Popular because, amongst other reasons, it turns out to be in practice fast and convenient, and amenable to various performance accelerations e.g. aggressive approximate variable selection.

## 2 Adaptive LASSO

🏗 This is the one with famous oracle properties if you choose \(\lambda\) correctly. Hsi Zou’s paper on this (Zou 2006) is readable. I am having trouble digesting Sara van de Geer’s paper (S. A. van de Geer 2008) on the Generalised Lasso, but it *seems* to offer me guarantees for something *very similar* to the Adaptive Lasso, but with far more general assumptions on the model and loss functions, and some finite sample guarnatees.

## 3 LARS

A confusing one; LASSO and LARS are not the same thing but you can use one to calculate the other? Something like that? I need to work this one through with a pencil and paper.

## 4 Graph LASSO

As used in graphical models. 🏗

## 5 Elastic net

Combination of \(L_1\) and \(L_2\) penalties. 🏗

## 6 Grouped LASSO

AFAICT this is the usual LASSO but with grouped factors. See (Yuan and Lin 2006).

## 7 Model selection

Can be fiddly with sparse regression, which couples variable selection tightly with parameter estimation. See sparse model selection.

## 8 Debiased LASSO

There exist a few versions, but the one I have needed is (S. A. van de Geer 2008), section 2.1. See also and (S. van de Geer 2014b). (🏗 relation to (S. A. van de Geer 2008)?)

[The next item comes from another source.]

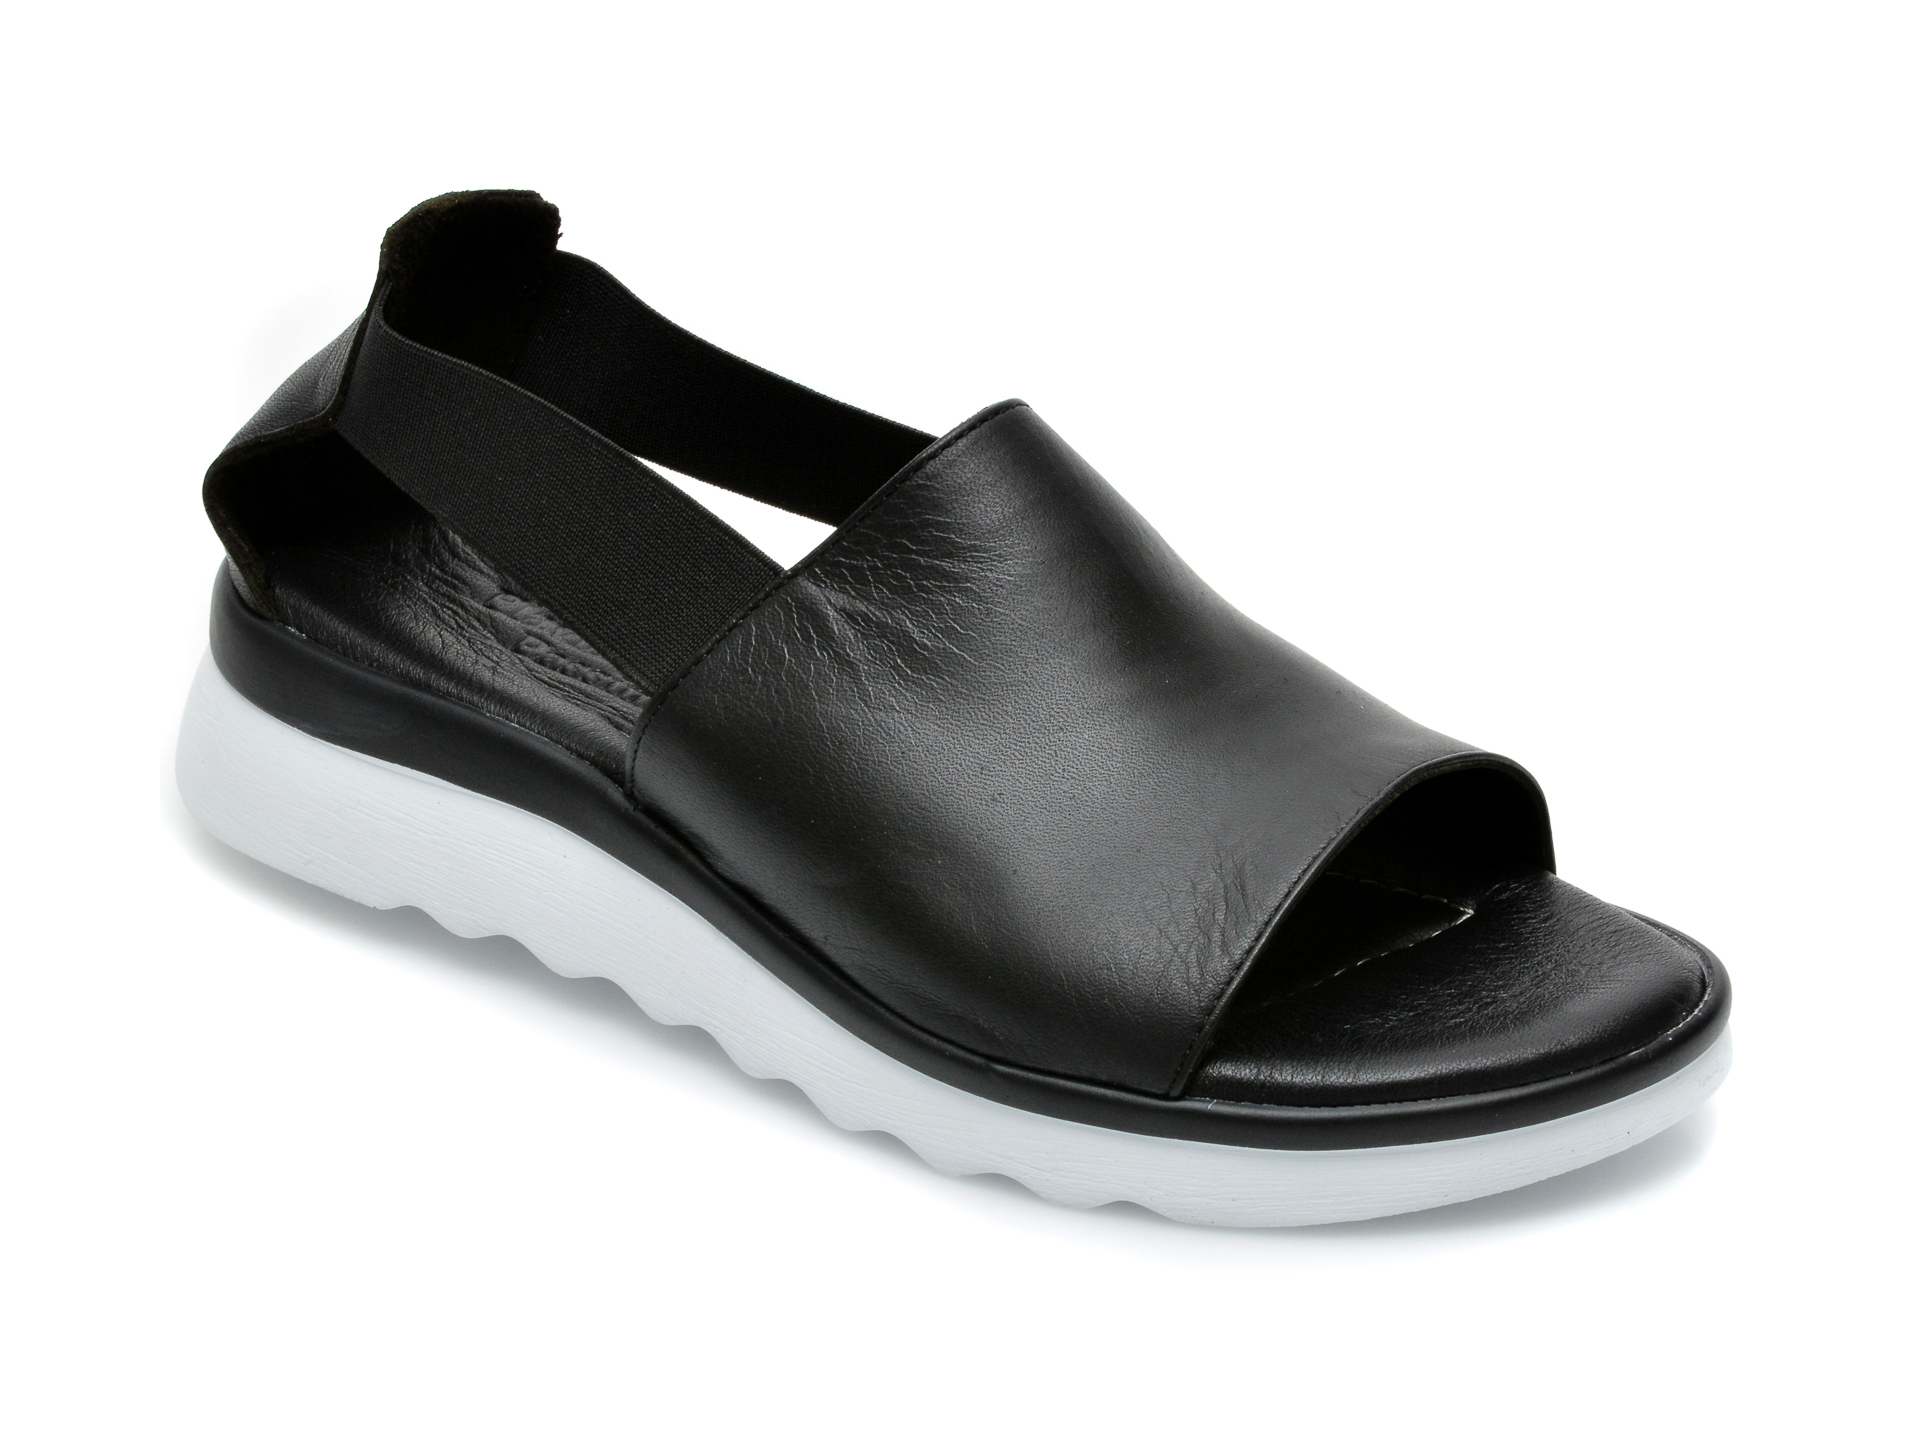 Sandale FLAVIA PASSINI negre, EI24501, din piele naturala imagine otter.ro 2021

## 9 Sparse basis expansions

Wavelets etc; mostly handled under sparse dictionary bases.

## 10 Sparse neural nets

That is, sparse regressions as the layers in a neural network? Sure thing. (Wisdom et al. 2016)

## 11 Other coefficient penalties

Put a weird penalty on the coefficients! E.g. “Smoothly Clipped Absolute Deviation” (SCAD). 🏗

## 12 Other prediction losses

Put a weird penalty on the error! MAD prediction penalty, lasso-coefficient penalty, etc.

See (H. Wang, Li, and Jiang 2007; Portnoy and Koenker 1997) for some implementations using e.g. maximum absolute prediction error.

## 13 Bayesian Lasso

See Bayesian sparsity.

## 14 Implementations

Hastie, Friedman eta’s glmnet for R is fast and well-regarded, and has a MATLAB version. Here’s how to use it for adaptive lasso. Kenneth Tay has implemented elasticnet penalty for any GLM in `glmnet`

.

SPAMS (C++, MATLAB, R, python) by Mairal, looks interesting. It’s an optimisation library for many, many sparse problems.

liblinear also include lasso-type solvers, as well as support-vector regression.

## 15 Tidbits

Sparse regression as a universal classifier explainer? Local Interpretable Model-agnostic Explanations (Ribeiro, Singh, and Guestrin 2016) uses LASSO for model interpretation this. (See the blog post, or the source.

## 16 References

*The Annals of Statistics*.

*arXiv:1611.05162 [Cs, Stat]*.

*arXiv:1511.08963 [Cs, Math, Stat]*.

*arXiv:1910.12327 [Cs, Math, Stat]*.

*arXiv:1506.00898 [Cs, Math, Stat]*.

*arXiv:0901.3202 [Cs, Stat]*.

*Optimization With Sparsity-Inducing Penalties*. Foundations and Trends(r) in Machine Learning 1.0.

*arXiv:1501.00046 [Cs, Math, Stat]*.

*Advances in Neural Information Processing Systems 27*.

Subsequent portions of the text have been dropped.